A total of six departments and graduate institutes will be merged or changed titles in the 2011 academic year, according to the resolutions made in the 63rd University Affairs meeting. If Department of History and the Graduate Institute of European Studies (PhD program) succeed in their appeal to the Ministry of Education to be removed from the MOE Watch List, prior to the submission deadline for TKU’s report on “2011 academic year recruitment amount and rearrangement of department or institute,” they will continue to recruit students.
The meeting also concluded that the Department of Water Resources and Environmental Engineering will contain two divisions, Water Resources Engineering Division and Environmental Engineering Division. Dr. Li Chi-wang, chair of the department, indicates that each division focuses on different area of expertise. He hopes the new divisions can help students to concentrate on respective specialty. In this way, students can also continue to strength their competitiveness and get professional certificates more easily.

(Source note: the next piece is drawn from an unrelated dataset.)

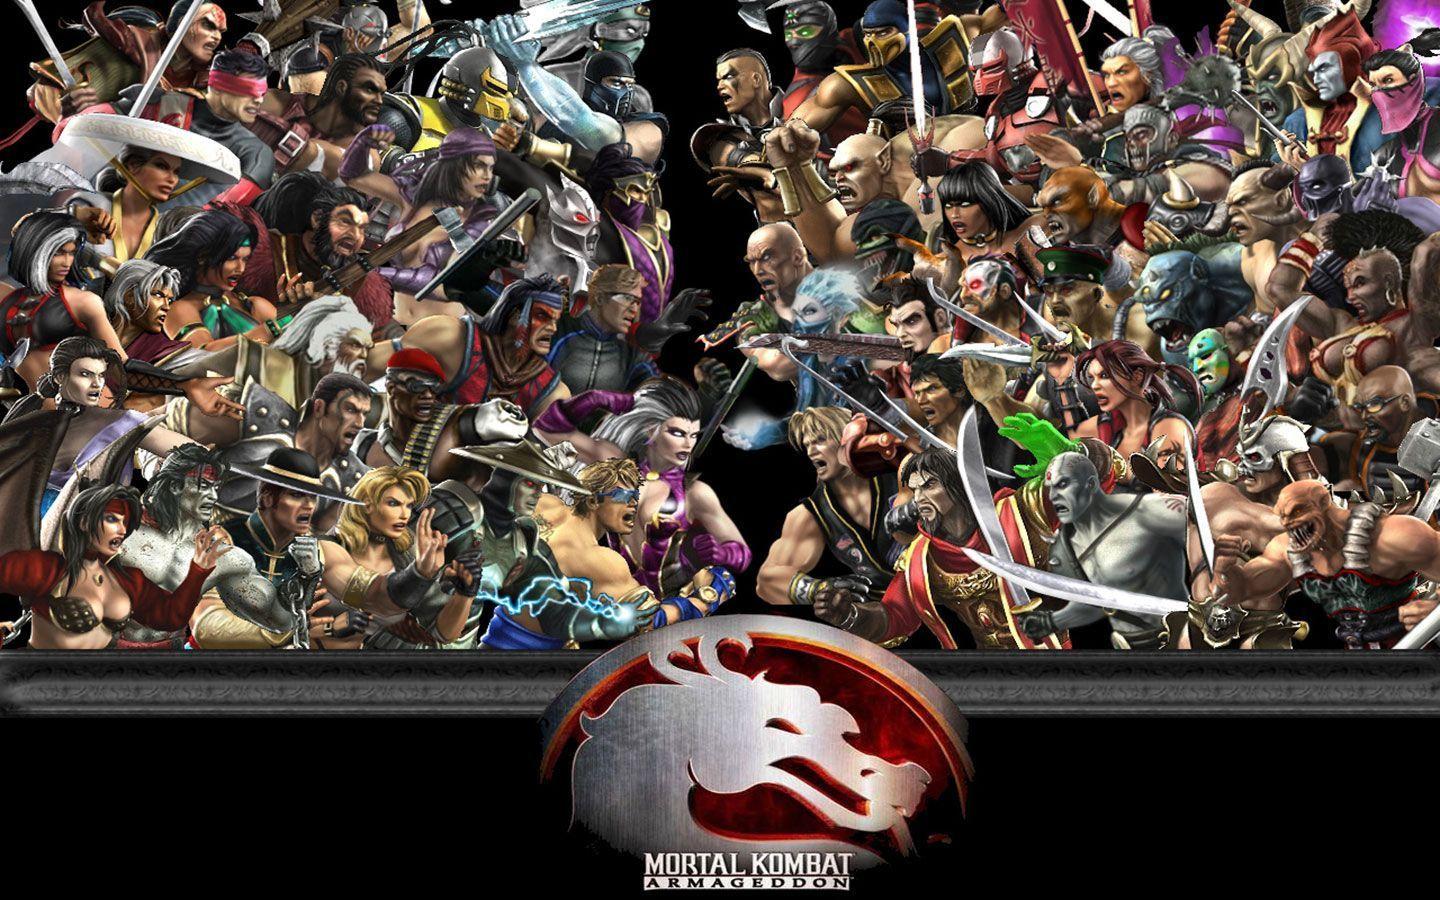 Mortal Kombat image MK wallpaper HD wallpaper and background

Meanwhile, Department of Global Politics and Economics will change its Chinese title to fit its designation; Department of Tourism and Hospitality Management will become “Department of International Tourism Management”; Department Of Multicultural and Linguistics Studies will be changed into to “Department of English Language”; Division of Life Science, Master’s Program in Chemistry will turn into “Biocheminstry Division”; Undergraduate Program of Department of Management Sciences and Decision Making, Graduate Institute of Management Sciences (MA, PhD, EMBA programs), will all be merged as one “Department of Management Science” (Undergraduate, MA, PhD, EMBA programs).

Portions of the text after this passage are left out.